About 90 per cent of the specimens were found to be infected with P infestans. When the actual strain was studied however, about 86 per cent - including those involved in major epidemics in 1840s Ireland - were shown to be infected with the "Ia" haplotype of P infestans.
The Ib haplotype - the one previously presumed to be the culprit behind the Famine - was present only in more modern samples from Central and South America.
Dr Ristaino is now investigating the origin of the Ia strain, whether Mexico or the Andes. "The Ia strain is in both present-day Mexico and in the Andean region. Our current work with DNA sequences from modern isolates is suggesting an Andean origin," she suggests. "The pathogen probably moved in infected seed potatoes shipped from South America. In 1840s Mexico, Santa Anna was fighting a war, so commercial potatoes were not being grown there. But the Peruvians were shipping potatoes to New Zealand and Australia, and over land and by sea to the US ports of Philadelphia and New York and to Europe.

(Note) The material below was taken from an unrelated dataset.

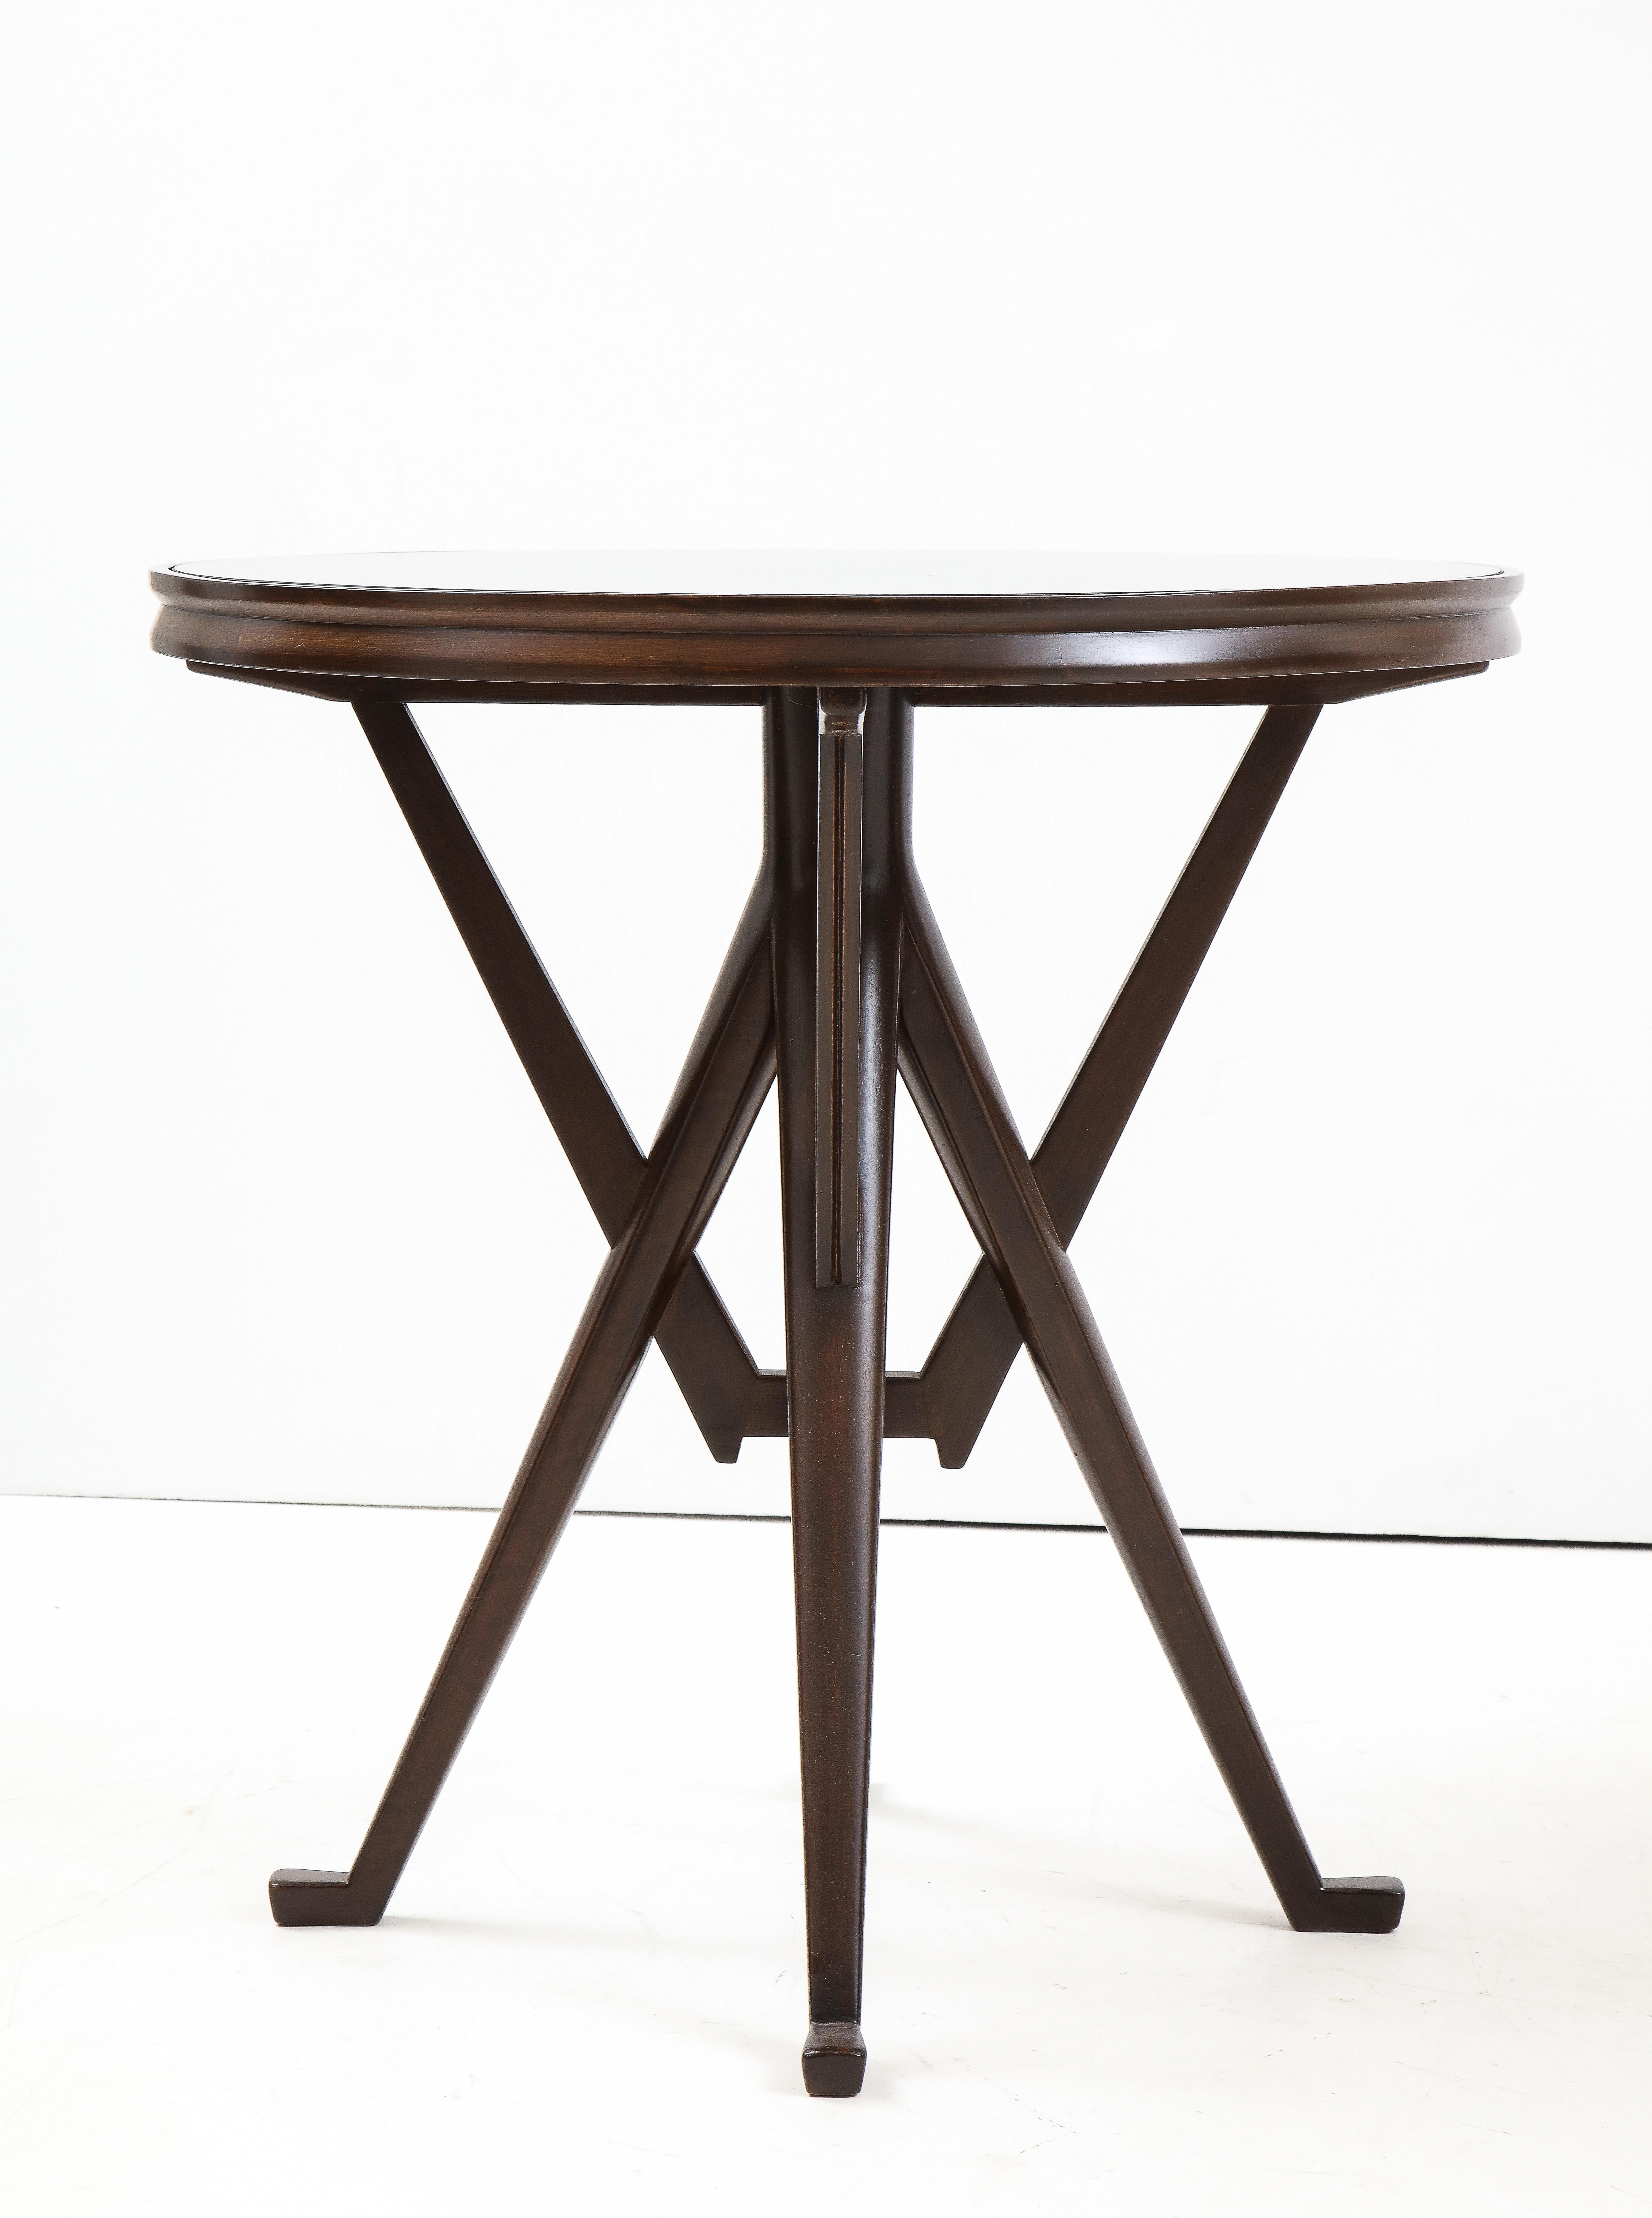 Mid-20th Century Pair of Italian Circular Wood and Glass Tables Attributed to Ico Parisi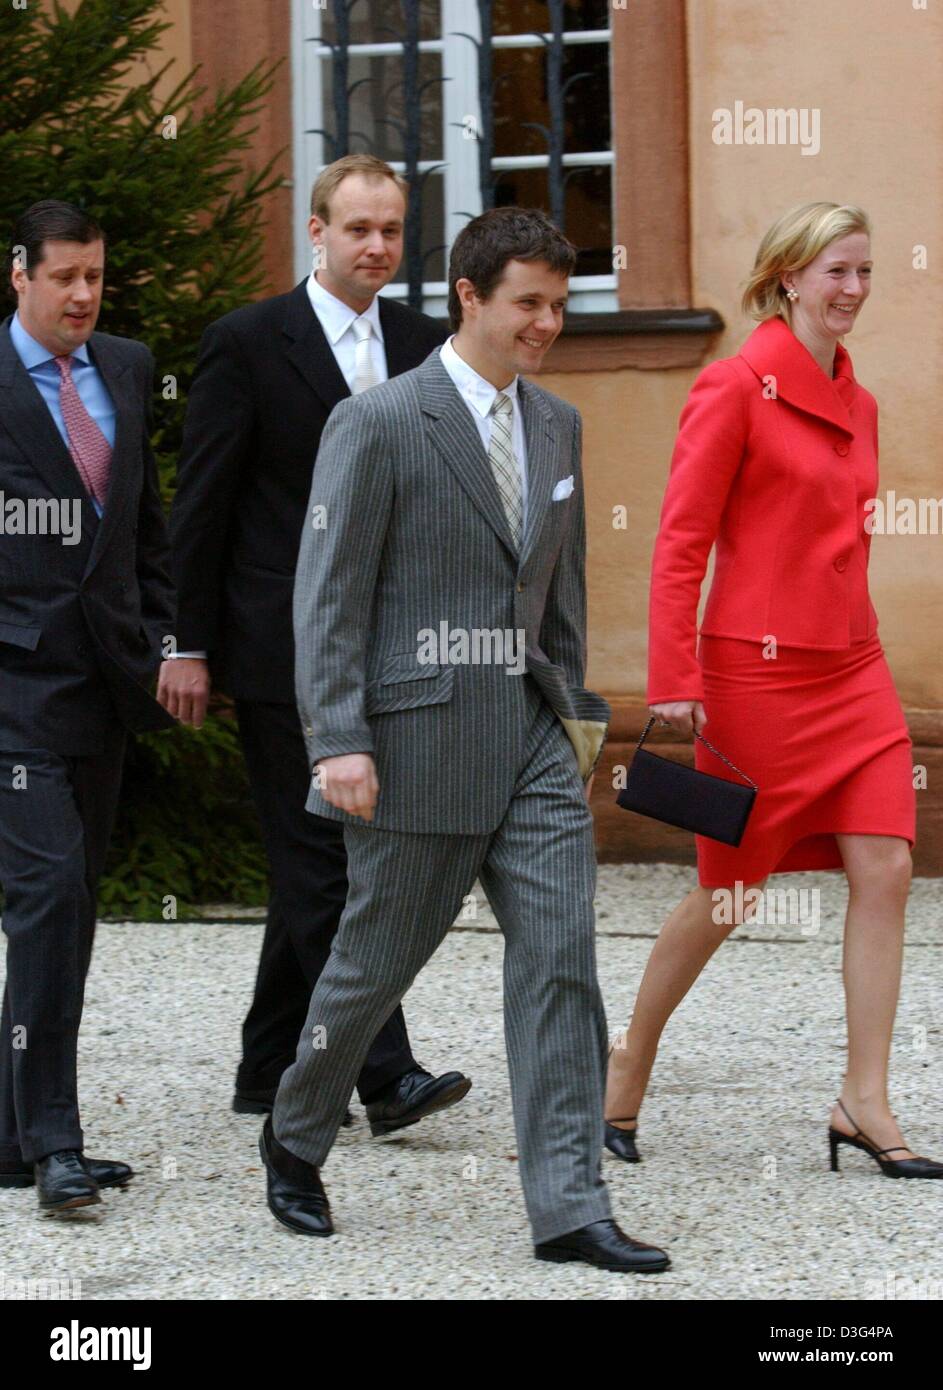 dpa-the-godparents-crown-prince-frederik-of-denmark-and-princess-nathalie-D3G4PA.jpg

"Furthermore, bat guano used as a fertiliser was also being shipped out of Peru. Circumstantial evidence from ship records suggests South America. Our gene genealogy work that is now in progress will shed further light on where the pathogen that caused the Famine originated."
And what about its evolution over the past 155 years - has it changed genetically, mutated - and if so, how does this impact on modern potato growing?
"We are still working on this. We know that the old haplotype Ia is still widely distributed worldwide. We are now doing whole mitochondrial genome sequencing at the Institute for Genomic Research (where they did the human genome) and we hope to compare different haplotypes to figure out how they differ genetically."
Dr Ristaino wants to learn how quickly haplotype Ia mutates and responds to certain chemicals. Is fungicide use accelerating the pace of mutations in the pathogen, for example? Knowing what the pathogen looked like 150 years ago compared to what it looks like now enables her to better understand its response to fungicides.
"Modern fungicides keep late blight in check in most places. However, the pathogen has developed resistance to a commonly used fungicide so new chemistries are always under development.
"I am interested in developing less toxic alternatives to fungicides to control the disease. We are particularly interested in medicinal herbs - but have not done the research yet to determine if they will be effective. We also have interests in mechanisms by which the pathogen mutates in response to fungicides in modern-day populations."
Her research could have implications for the way that potato blight is controlled today. Understanding the pathogen's origins could help in the search for more effective treatments.
"My work is of a more basic nature but has implications for control," she says. "Since we have data suggesting a South American origin, that is probably going to be the best location for searching for resistant potato varieties in the wild, since the host and pathogen have evolved the longest in this region."